Records for this exercise: Begin
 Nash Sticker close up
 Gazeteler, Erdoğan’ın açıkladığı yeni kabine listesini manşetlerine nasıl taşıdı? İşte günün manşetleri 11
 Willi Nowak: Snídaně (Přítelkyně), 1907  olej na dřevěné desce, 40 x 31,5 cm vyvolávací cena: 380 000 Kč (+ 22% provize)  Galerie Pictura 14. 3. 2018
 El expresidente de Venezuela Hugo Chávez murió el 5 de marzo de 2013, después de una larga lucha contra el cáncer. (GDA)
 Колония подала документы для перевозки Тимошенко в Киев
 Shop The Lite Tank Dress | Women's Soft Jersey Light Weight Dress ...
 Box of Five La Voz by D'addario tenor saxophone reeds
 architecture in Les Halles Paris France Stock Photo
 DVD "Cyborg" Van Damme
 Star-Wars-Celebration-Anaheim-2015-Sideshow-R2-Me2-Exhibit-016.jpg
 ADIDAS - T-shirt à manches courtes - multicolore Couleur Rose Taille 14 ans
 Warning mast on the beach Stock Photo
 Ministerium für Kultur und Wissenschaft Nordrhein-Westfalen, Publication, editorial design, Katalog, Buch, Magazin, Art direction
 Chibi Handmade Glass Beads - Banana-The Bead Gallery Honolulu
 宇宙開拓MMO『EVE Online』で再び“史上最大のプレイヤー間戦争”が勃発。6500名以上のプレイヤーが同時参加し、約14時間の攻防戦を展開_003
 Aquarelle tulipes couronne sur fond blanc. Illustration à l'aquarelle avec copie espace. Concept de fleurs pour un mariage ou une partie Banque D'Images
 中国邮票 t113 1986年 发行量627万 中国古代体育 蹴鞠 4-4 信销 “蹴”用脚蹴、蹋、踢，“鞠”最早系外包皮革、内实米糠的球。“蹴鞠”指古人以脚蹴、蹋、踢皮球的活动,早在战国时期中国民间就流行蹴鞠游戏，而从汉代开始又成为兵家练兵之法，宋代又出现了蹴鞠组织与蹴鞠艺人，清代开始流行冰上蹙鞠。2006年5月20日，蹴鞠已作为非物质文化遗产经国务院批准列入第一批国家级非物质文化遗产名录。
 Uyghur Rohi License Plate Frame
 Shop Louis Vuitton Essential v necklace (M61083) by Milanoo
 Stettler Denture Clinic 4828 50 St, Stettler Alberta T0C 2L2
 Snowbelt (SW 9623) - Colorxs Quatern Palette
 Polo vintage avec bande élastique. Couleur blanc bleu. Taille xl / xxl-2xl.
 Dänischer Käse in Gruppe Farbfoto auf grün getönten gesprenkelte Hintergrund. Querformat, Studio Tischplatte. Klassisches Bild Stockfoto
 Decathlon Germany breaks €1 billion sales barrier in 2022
Records for this exercise: End
▶ _Work instruction_: With no word changed, write the entries out once more.

▶ _Reply to the task_:
 Nash Sticker close up
 Gazeteler, Erdoğan’ın açıkladığı yeni kabine listesini manşetlerine nasıl taşıdı? İşte günün manşetleri 11
 Willi Nowak: Snídaně (Přítelkyně), 1907  olej na dřevěné desce, 40 x 31,5 cm vyvolávací cena: 380 000 Kč (+ 22% provize)  Galerie Pictura 14. 3. 2018
 El expresidente de Venezuela Hugo Chávez murió el 5 de marzo de 2013, después de una larga lucha contra el cáncer. (GDA)
 Колония подала документы для перевозки Тимошенко в Киев
 Shop The Lite Tank Dress | Women's Soft Jersey Light Weight Dress ...
 Box of Five La Voz by D'addario tenor saxophone reeds
 architecture in Les Halles Paris France Stock Photo
 DVD "Cyborg" Van Damme
 Star-Wars-Celebration-Anaheim-2015-Sideshow-R2-Me2-Exhibit-016.jpg
 ADIDAS - T-shirt à manches courtes - multicolore Couleur Rose Taille 14 ans
 Warning mast on the beach Stock Photo
 Ministerium für Kultur und Wissenschaft Nordrhein-Westfalen, Publication, editorial design, Katalog, Buch, Magazin, Art direction
 Chibi Handmade Glass Beads - Banana-The Bead Gallery Honolulu
 宇宙開拓MMO『EVE Online』で再び“史上最大のプレイヤー間戦争”が勃発。6500名以上のプレイヤーが同時参加し、約14時間の攻防戦を展開_003
 Aquarelle tulipes couronne sur fond blanc. Illustration à l'aquarelle avec copie espace. Concept de fleurs pour un mariage ou une partie Banque D'Images
 中国邮票 t113 1986年 发行量627万 中国古代体育 蹴鞠 4-4 信销 “蹴”用脚蹴、蹋、踢，“鞠”最早系外包皮革、内实米糠的球。“蹴鞠”指古人以脚蹴、蹋、踢皮球的活动,早在战国时期中国民间就流行蹴鞠游戏，而从汉代开始又成为兵家练兵之法，宋代又出现了蹴鞠组织与蹴鞠艺人，清代开始流行冰上蹙鞠。2006年5月20日，蹴鞠已作为非物质文化遗产经国务院批准列入第一批国家级非物质文化遗产名录。
 Uyghur Rohi License Plate Frame
 Shop Louis Vuitton Essential v necklace (M61083) by Milanoo
 Stettler Denture Clinic 4828 50 St, Stettler Alberta T0C 2L2
 Snowbelt (SW 9623) - Colorxs Quatern Palette
 Polo vintage avec bande élastique. Couleur blanc bleu. Taille xl / xxl-2xl.
 Dänischer Käse in Gruppe Farbfoto auf grün getönten gesprenkelte Hintergrund. Querformat, Studio Tischplatte. Klassisches Bild Stockfoto
 Decathlon Germany breaks €1 billion sales barrier in 2022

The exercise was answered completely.